Part of this story originally appeared in “Is AI-Generate Content Actually Detectable?” published by the College of Computer, Mathematical, & Natural Sciences (CMNS) in May 2023.

The paper “Can AI-Generated Text be Reliably Detected?” was coauthored by Feizi and computer science graduate students Sriram Balasubramanian, Vinu Sankar Sadasivan, Aounon Kumar, and Wenxiao Wang.

The paper “On the Possibilities of AI-Generated Text Detection” was coauthored by Huang; Research Scientist Amrit Singh Bedi; computer science doctoral students Souradip Chakraborty, Sicheng Zhu and Bang An; and Distinguished University Professor of Computer Science Dinesh Manocha.
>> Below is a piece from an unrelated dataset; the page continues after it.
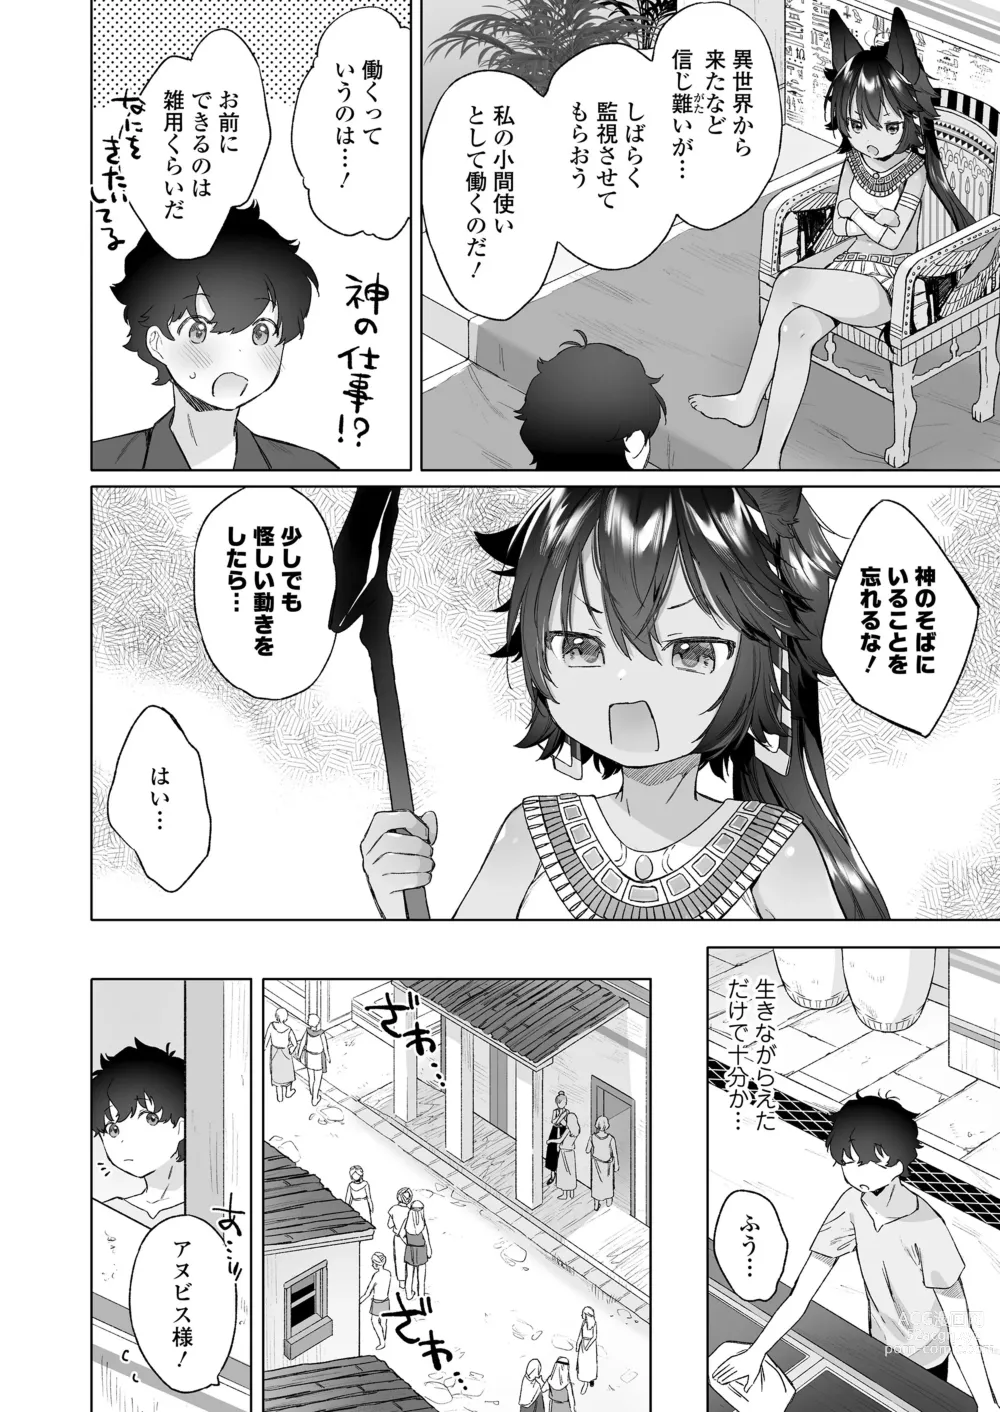 Page 6 of manga Towako 15

The award-winning paper, “A Watermark for Large Language Models,” was coauthored by Goldstein; postdoctoral scholar Jonas Geiping; doctoral students John Kirchenbauer and Yuxin Wen; and Professor Jonathan Katz and Assistant Professor Ian Miers, who both have appointments in the Department of Computer Science and UMIACS.

Feizi, Huang, Goldstein and Manocha are all core members of the University of Maryland Center for Machine Learning, which is supported by UMIACS, CMNS and technology and financial leader Capital One.